ABSTRACT

Soil water content monitoring is an integral part of irrigation water management for efficient crop production. Recent developments in machine learning (ML) algorithms and widely available remote sensing products have made regression-based prediction and forecasting of soil moisture appealing due to lower costs than in-situ measurements. In this chapter, we investigated the efficiency of three machine learning algorithms, i.e., Random Forests (RF), Support Vector Regression (SVR), and Neural Networks (NN), for predicting soil moisture at 5 cm, 10 cm, 20 cm, 51cm, and 102 cm soil depths trained using the in-situ soil moisture retrievals from the Soil and Climate Analysis Network (SCAN) site in the Texas-Gulf regions.
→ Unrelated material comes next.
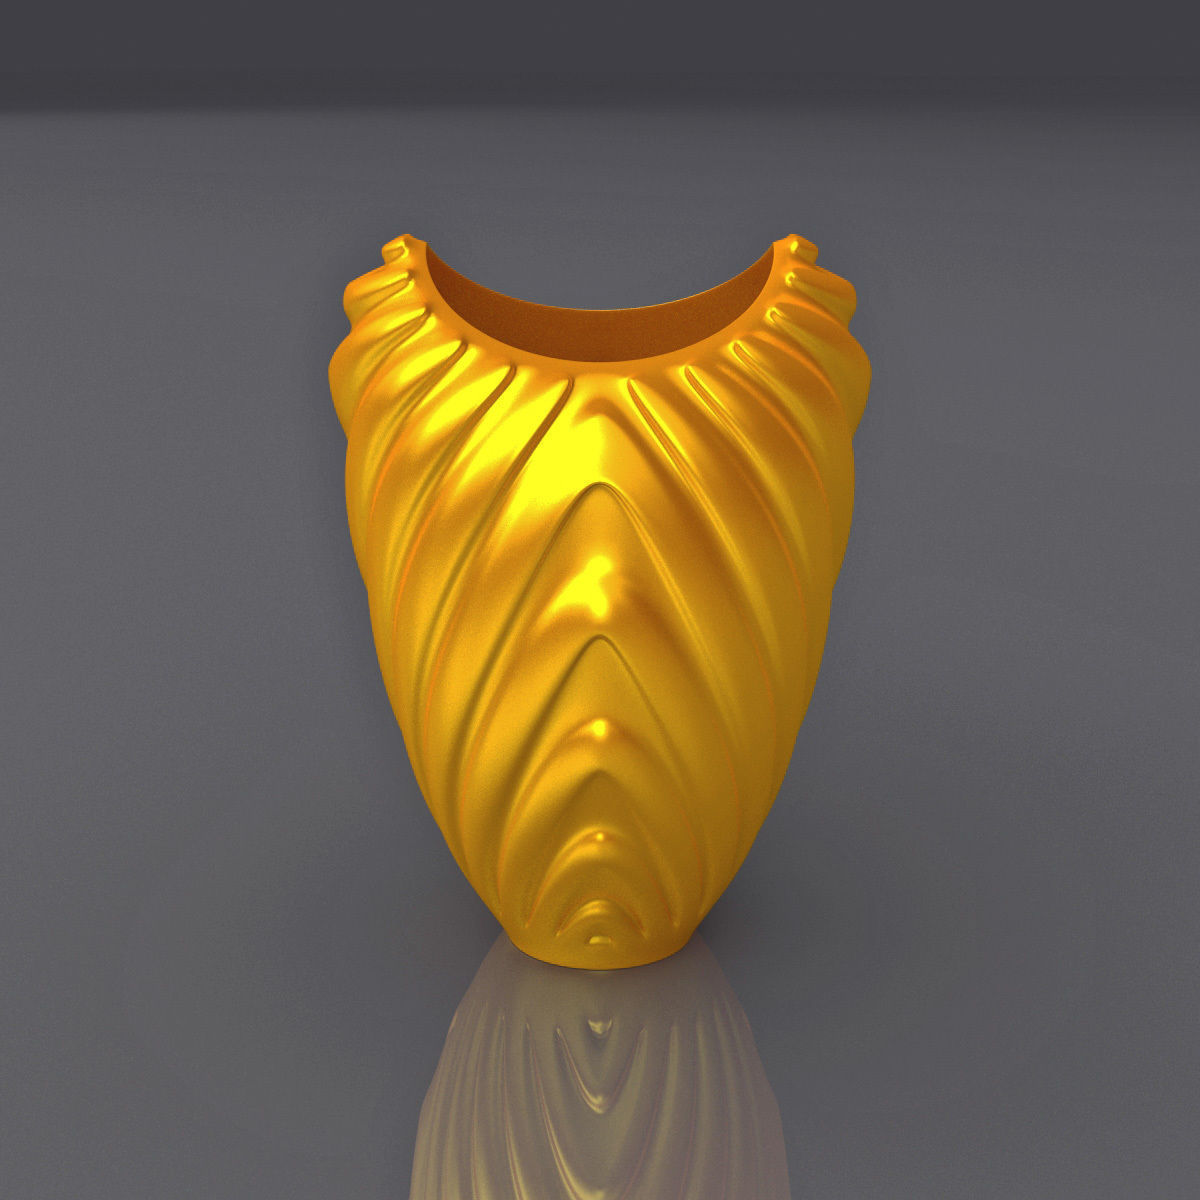 Wavy Pattern Vase Design 3D Print Model

Explanatory variables included soil texture, surface, and root zone moisture obtained from Soil Moisture Active Passive (SMAP), vegetation and water indices obtained from MODIS Terra, and climate variables. The Permutation Feature Importance (PFI) method was applied to all three algorithms to identify the importance of the explanatory variables and the top features were reported based on an increase in Root Mean Square Error in the models. The feature importance measures indicated a strong influence of soil texture, elevation, and SMAP-derived root zone soil moisture on model predictions at all depths. Results from this study showed that the predictive performances at most depths for all three algorithms were similar and were satisfactorily able to capture the spatial and temporal variability in soil water content.